Updated

If you live inside the Beltway hothouse, you’re practically fainting from all the Trump taunts against the media, from the CNN faux-wrestling video to the cosmetic slap at Mika Brzezinski.

But out in the rural heartland, it’s a different story.

That viewpoint snuck onto the New York Times op-ed page courtesy of Robert Leonard, an Iowa radio news director who talks to plenty of Trump supporters in his part of the state.

And guess what? They don’t much care about wrestling videos and insulting cable news hosts. They think the president is doing just fine, that the media are out to get him, and that most of what obsesses the press is just noise.

He writes: “What I do hear from my conservative friends — most still ardent Trump supporters — is a collective yawn at the Washington maelstrom. Few care about his tweets — even about Mika Brzezinski and Joe Scarborough and the CNN body slam. The whacking of James Comey? About time. President Obama’s appointee anyway. Mr. Trump’s asking if Mr. Comey could drop the Michael Flynn investigation? It was a simple question, not obstruction of justice. The Comey testimony? Vindication for Mr. Trump! Mr. Comey is a leaker, he lied under oath, and he’s going down.

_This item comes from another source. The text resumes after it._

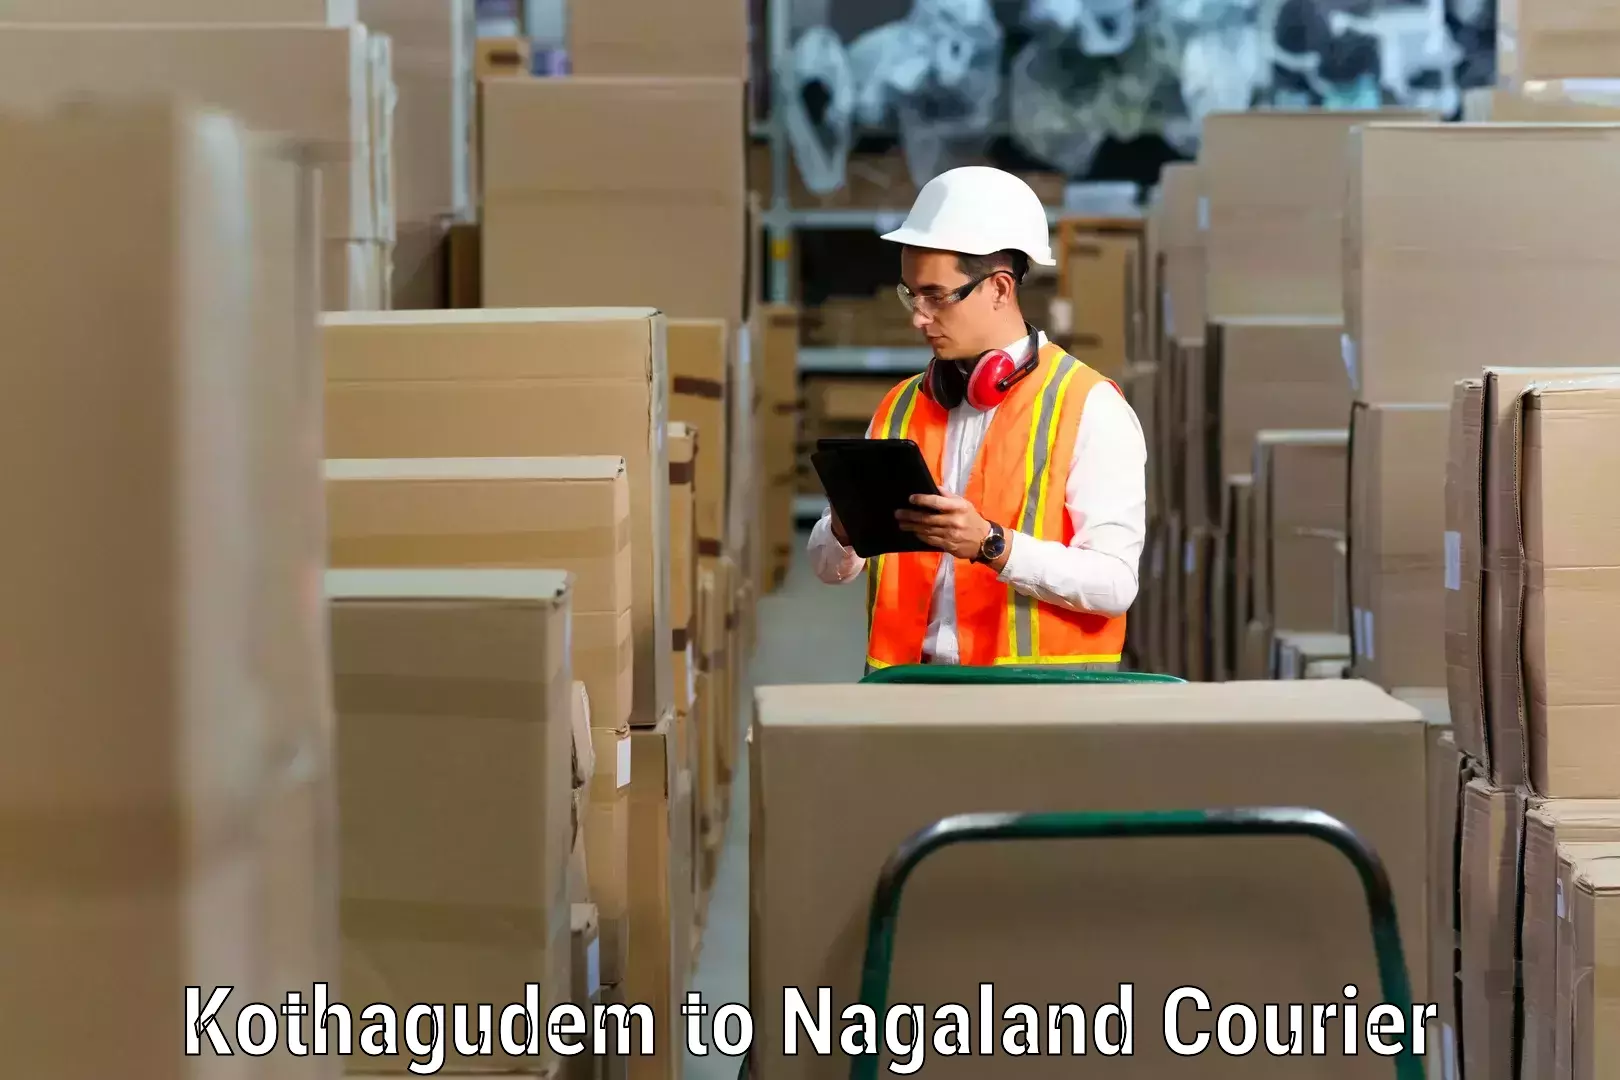 Furniture relocation experts Kothagudem to NIT Nagaland

He’ll be lucky if he doesn’t serve prison time.”

And then Leonard gets at an underlying reality that many media folks miss:

“For many conservatives, they support Mr. Trump because he’s their de facto leader in a cultural war. Liberals mock Christianity and demean Christian morals. Conservatives respect our police and military, while liberals romanticize street thugs. Conservatives’ tax dollars help pay for public schools and colleges that indoctrinate liberal values.”

That doesn’t make them right, but it’s a point of view that isn’t terribly popular in New York and Washington, and which must be reckoned with. The president’s attacks on media figures, even if sometimes tasteless, are seen by some people as slamming a group of elitists that doesn’t respect them. (In a Politico poll, 52 percent said Trump’s Mika tweets made them view him less favorably, and 17 percent said more favorably.)

But Leonard then takes a detour. Having noted that in his area Fox News is on in most restaurants and bars, he apparently doesn’t watch much of it. He says he thinks it’s unfair. And he writes “only that network has the power to convince conservatives” that it’s in their best interest “to dump Mr. Trump.”

First, Leonard vastly overestimates the power of any news outlet against the presidential megaphone. Barack Obama complained about Fox all the time, but that never stopped him from being elected and reelected.

Second, the news director seems to think that Fox operates under daily marching orders. There are certainly voices at this network sympathetic to Trump, from Sean Hannity to “Fox & Friends.” But the straight news broadcasts are a different story. And some of Fox’s most prominent conservative commentators—Charles Krauthammer, Steve Hayes, Karl Rove, Rich Lowry, Jonah Goldberg—opposed him during the campaign and remain largely critical.

Having demonstrated a deft feel for why Trump is largely immune to the media onslaught, Leonard resorts to wish fulfillment in imagining a scenario to drive the president from office.